Bu aylarda beslenme için basit ip uçları vermek istersek;

  • Besinler olarak ara öğünlerde ceviz, fındık, badem, süt ayran tüketilebilir.
  • Genelde günde 2-3 litre su içilmesi uzmanlar tarafından tavsiye edilir. bunu tutturmak çok zor olsa da susadığımızda ne kadar su içsek o kadar kardır. Burada en önemli bir konu da sıvı olarak suyun yerini diğer hiçbir içeceğin alamayacağıdır. Vücuttaki işlemlerde su kullanılır. Bunu örneklemek gerekirse; evde, arabada temizlik işini en iyi ne ile yaparız? Tabii ki su ile. Bu insan vücudu için de aynıdır. Gazoz, kola, ayran, çay, kahve suyun yerini tutamaz. Ayrıca diğer içtiğimiz sıvılar böbrekleri daha fazla çalıştırarak daha çok su kaybına neden olabilir. Hülasa su hayattır, susuz hayat düşünülemez.

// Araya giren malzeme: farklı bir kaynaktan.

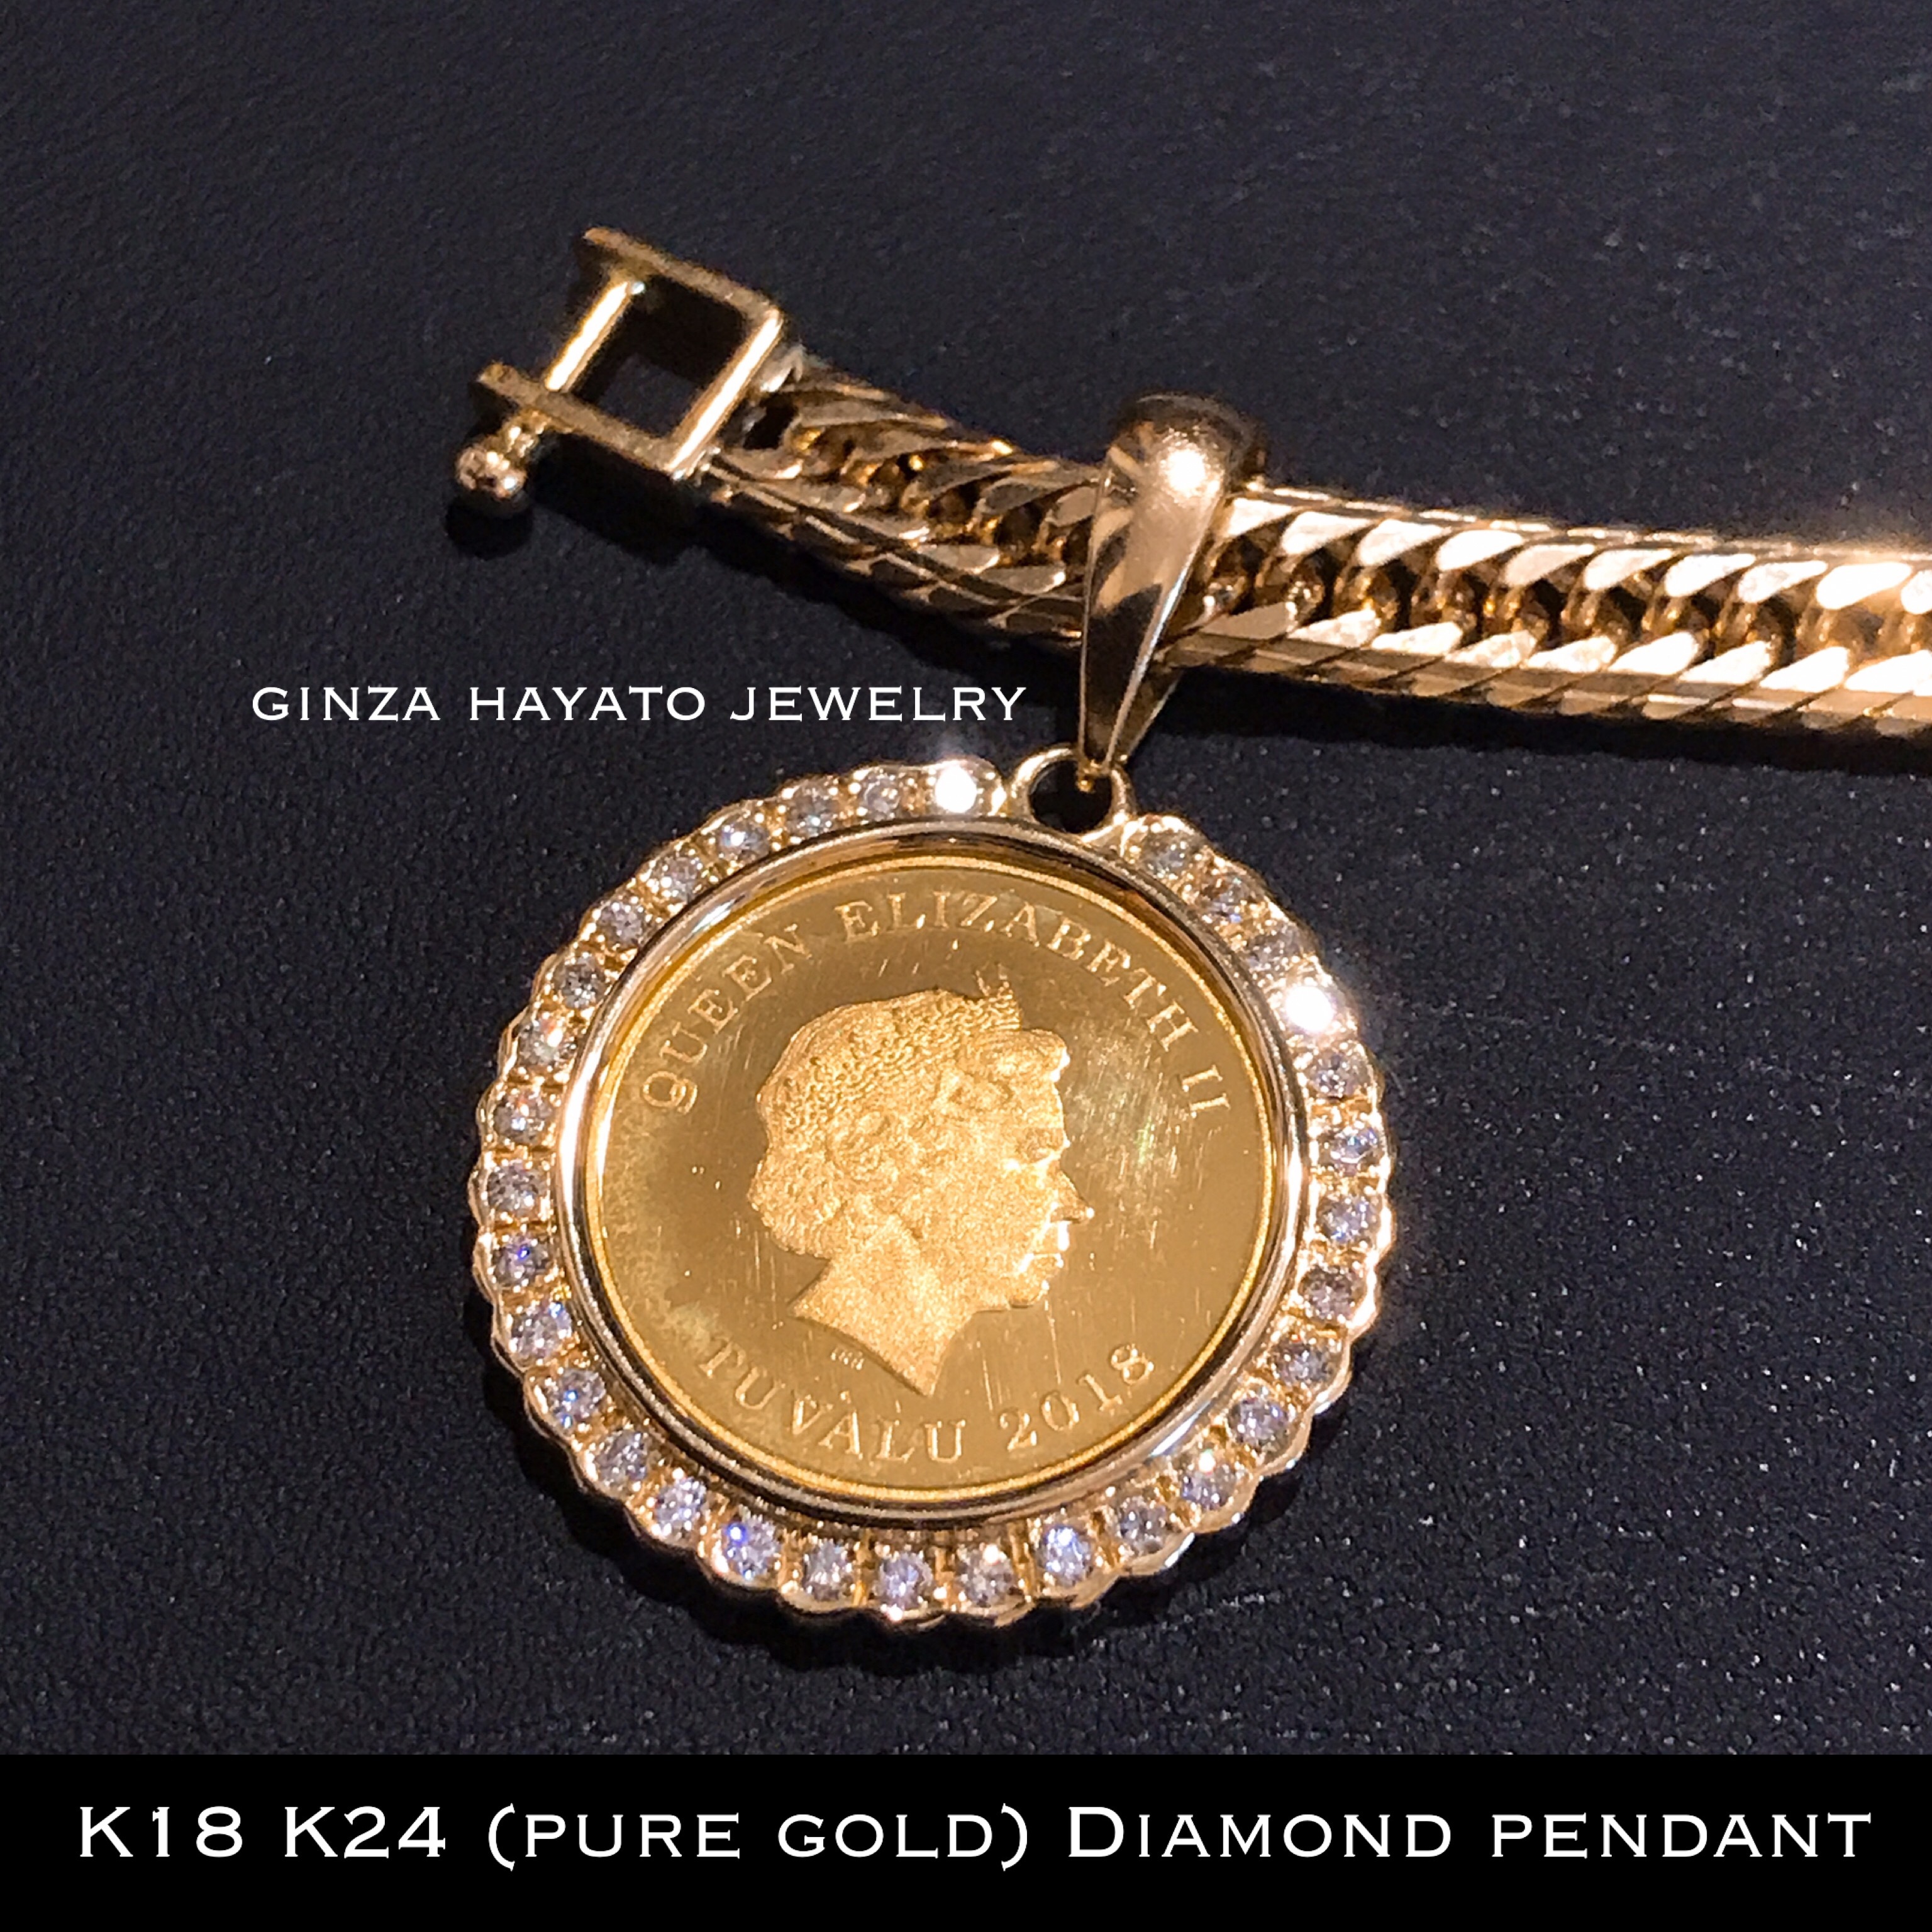 K18 K24 天然 ダイヤモンド 純金 コイン 1 25オンス ペンダント Diamond Pure Gold Coin 1 25oz Elizabeth Horse Pendant Ginza Hayato Jewelry

  • Su güzellik için de idealdir. Detoks etkisi yapar ve cildi canlı tutar.
  • Bahar aylarında mümkün oldukça geç saatlerde yatmamalıdır. Geç yatılınca geç kalkılmakta ve yeterince dinlenilememektedir. “Erken kalkan işine, geç kalkan düşüne.” denilmiştir.
  • Bahar aylarında sabahları alınan bir duş insanı zinde tutar. Bahar mevsiminde yeşillikler arttığından, yeşil yapraklı sebze ve meyvelerden istifade etmeliyiz. Bu besinler de vücudumuzda detoks görevi yapar.
  • Midemiz büyük bir fabrikadır ve onun da istirahate ihtiyacı vardır. Dolayısı ile yemekleri hazmetmek de yemek yemek kadar önemli olduğu için yediğimiz yemeklerin arasında 4-5 saat mola mutlaka olmalıdır. Midemiz çöp kutusu veya önümüze gelen her şeyin içine atılacağı bir kap değildir.
  • Ekmek tüketimini azaltmalı ve tam buğday unundan yapılmış mamulleri tercih etmeliyiz.
  • Günlük tuz alımını 5 gr (yazı ile beş gram) ile sınırlamalıyız. Günlük ihtiyaç olan beş gram tuz zaten yediğimiz her türlü gıda ve yemeklerden rahatlıkla alınmaktadır. Yemeği daha tatmadan tuz serpme alışkanlığımızı terk etmeliyiz.

Sonuç olarak bu güneşli ve güzel günlerin kıymetini bilip, tadını çıkarmalıyız. Bunun için sadece pazar günü değil, haftanın her gününde mutlaka belirli bir zaman ayırmalıyız. İnsanın rahatı faaliyettedir. Faaliyette lezzet vardır.